THE TASK :: Reproduce, exactly and in full, the lines from the one with "Buy Black Track" through the one with "Jesters at the" in the data below; drop pictures.

SUPPLIED RECORDS ::
= = = = =
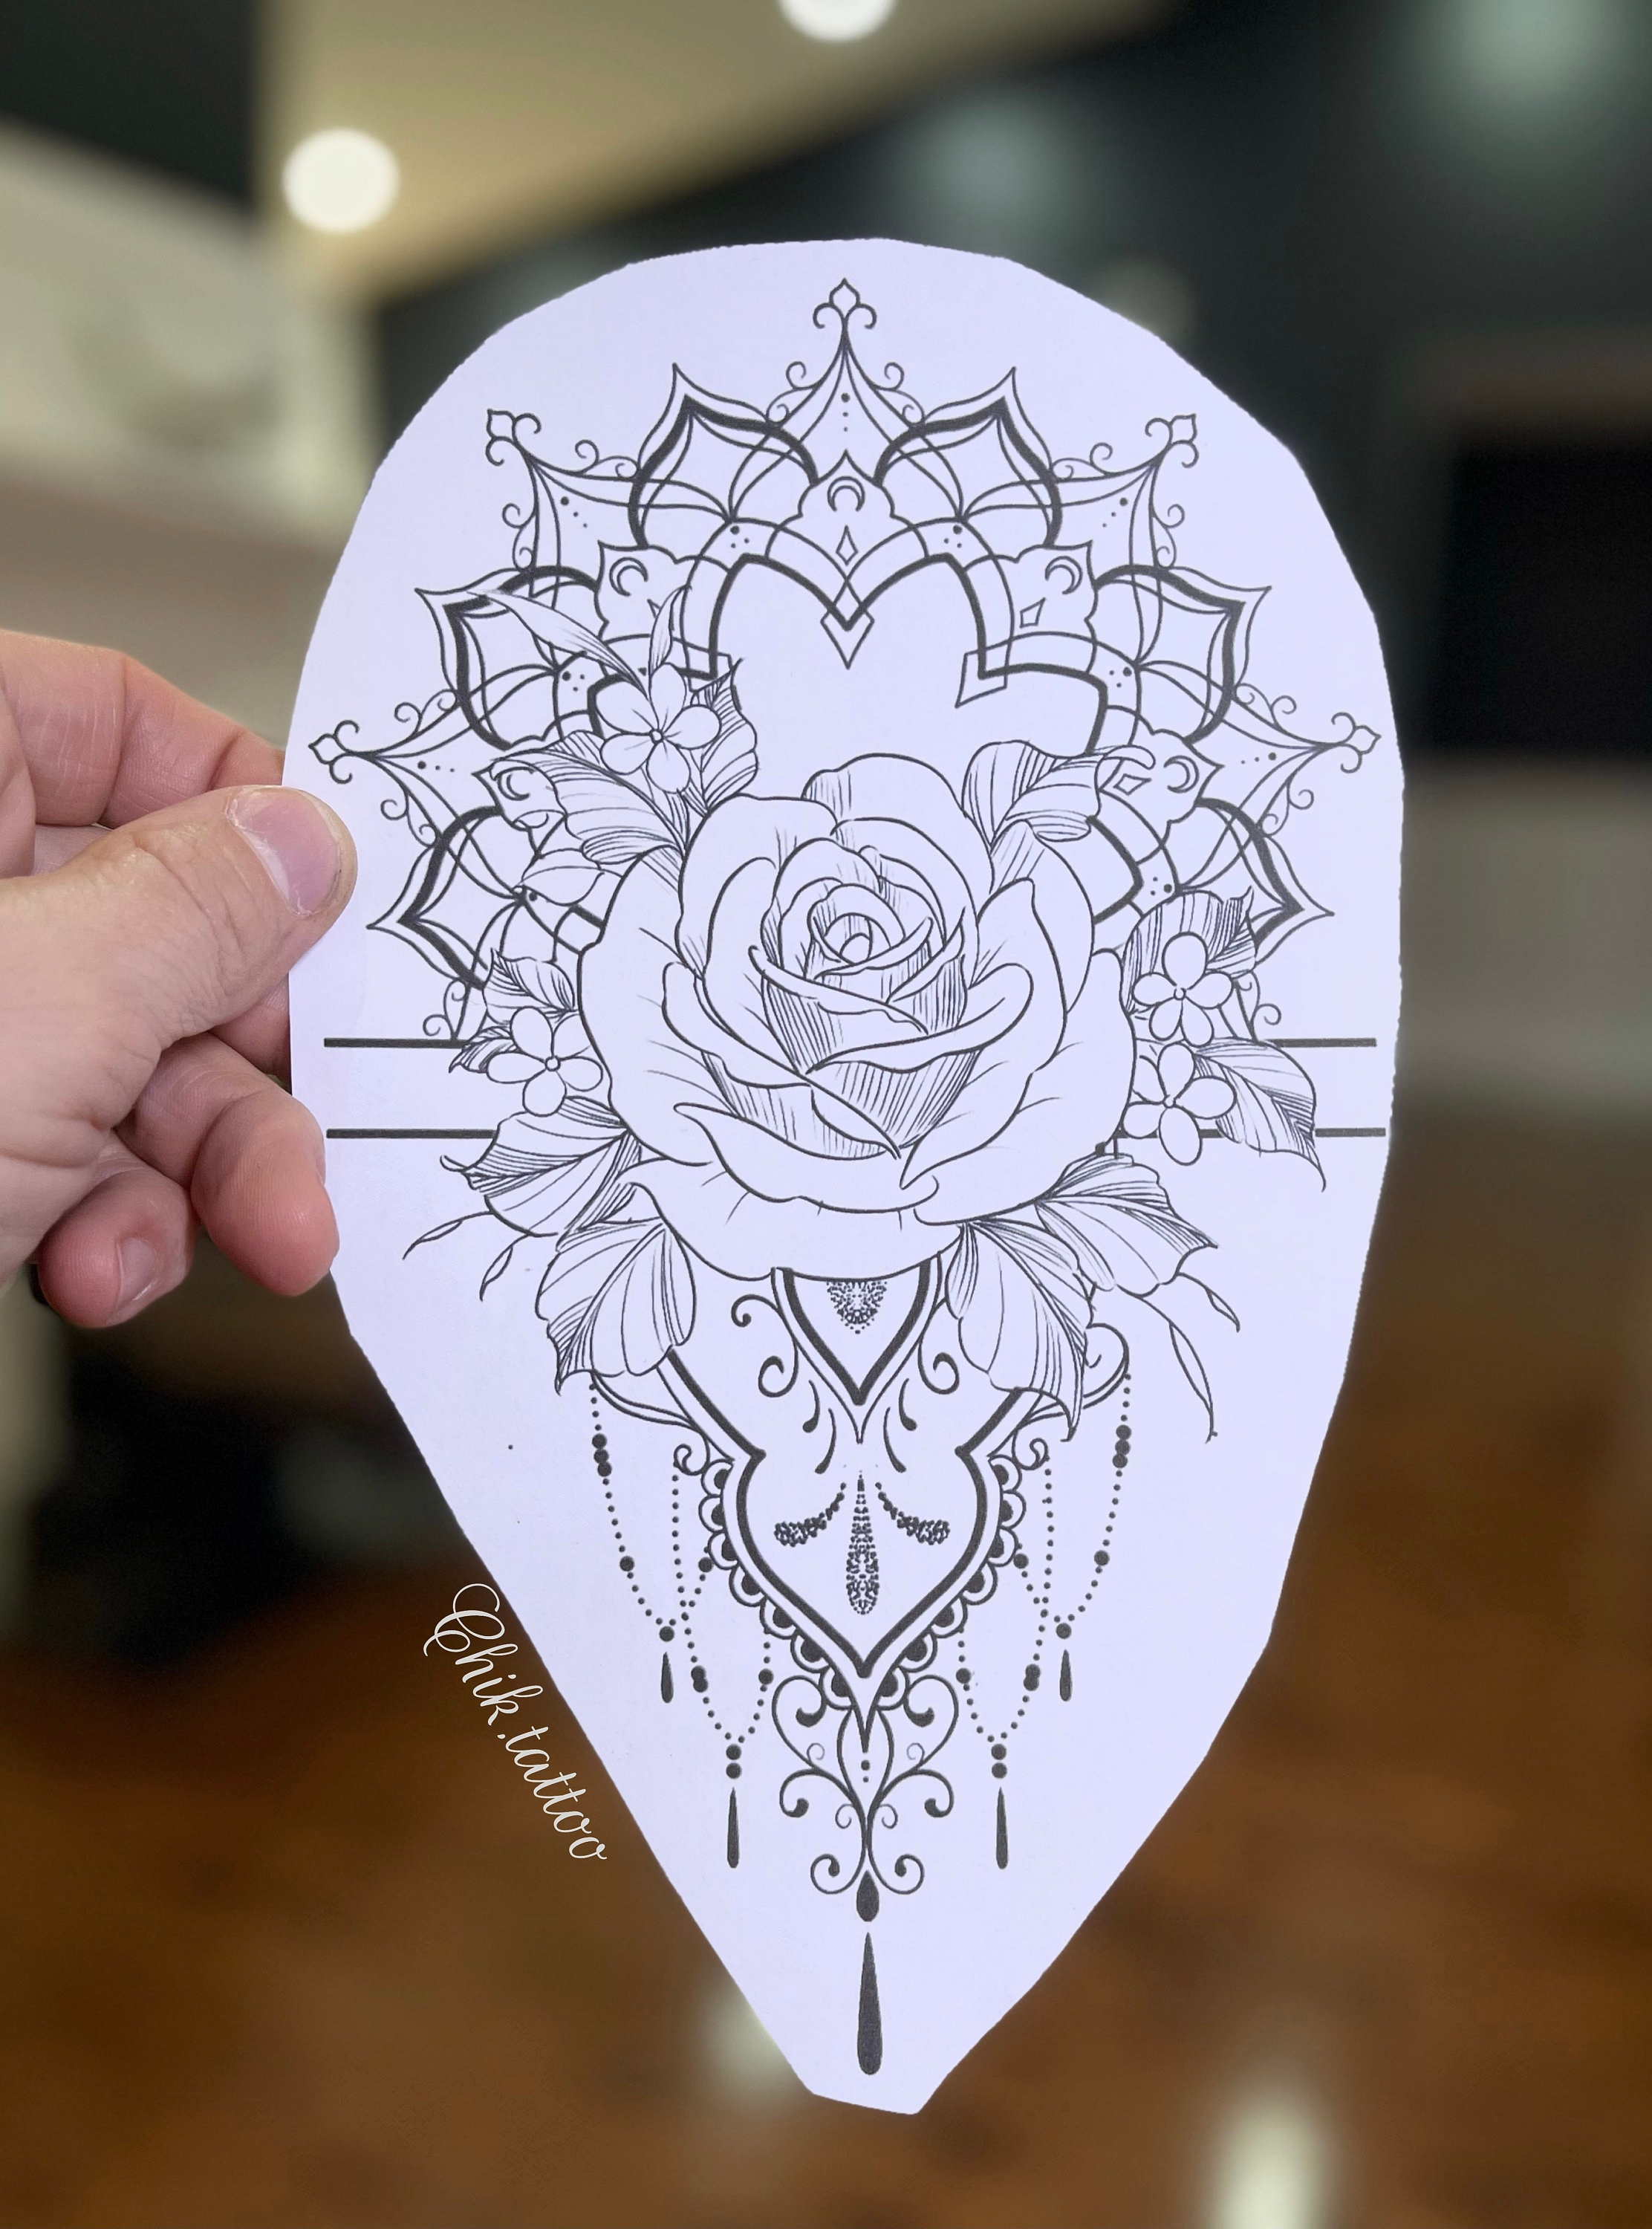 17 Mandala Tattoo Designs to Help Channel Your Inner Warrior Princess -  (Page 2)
= = = = =
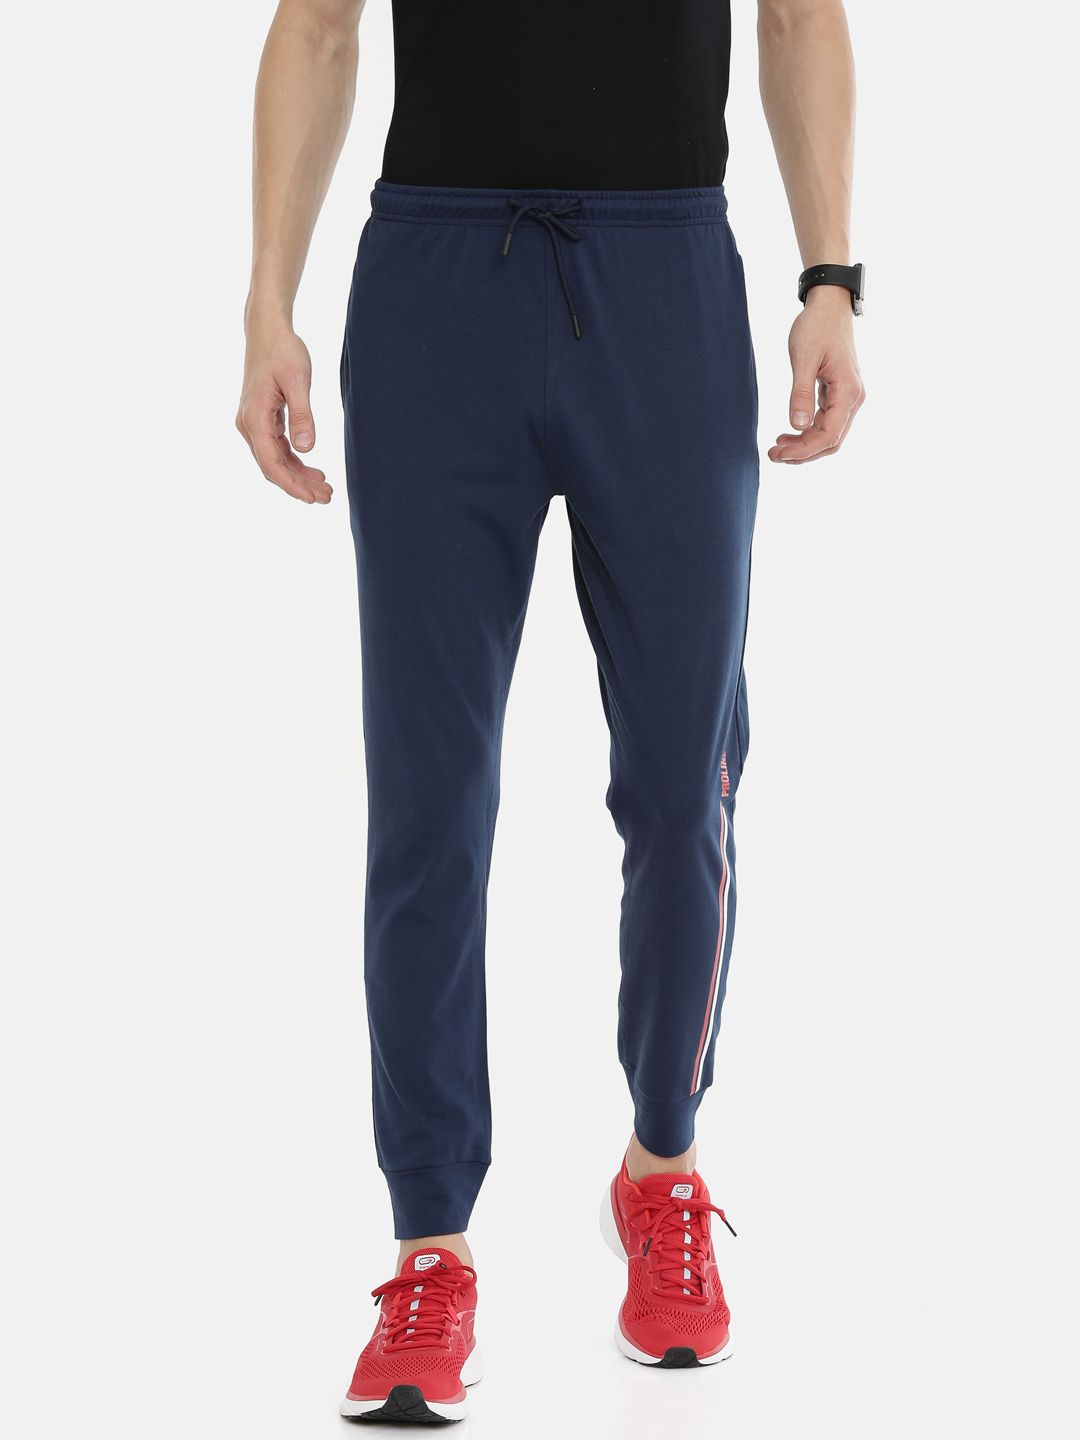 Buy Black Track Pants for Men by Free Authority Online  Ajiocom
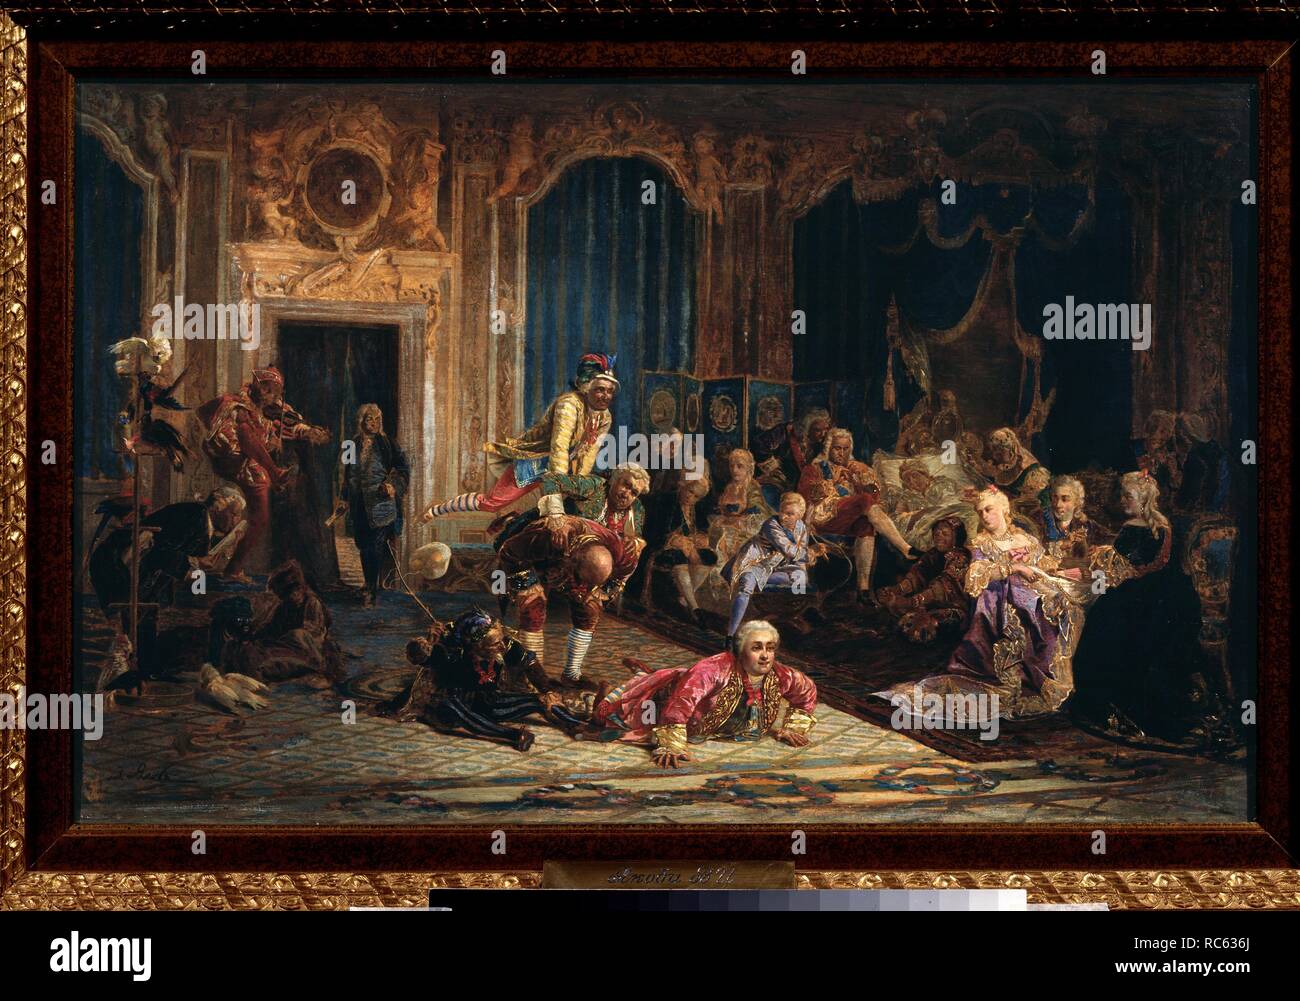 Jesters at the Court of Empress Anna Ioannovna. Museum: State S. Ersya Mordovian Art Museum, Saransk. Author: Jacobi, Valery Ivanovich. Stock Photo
= = = = =
RESPONSE ::
 Buy Black Track Pants for Men by Free Authority Online  Ajiocom
 Jesters at the Court of Empress Anna Ioannovna. Museum: State S. Ersya Mordovian Art Museum, Saransk. Author: Jacobi, Valery Ivanovich. Stock Photo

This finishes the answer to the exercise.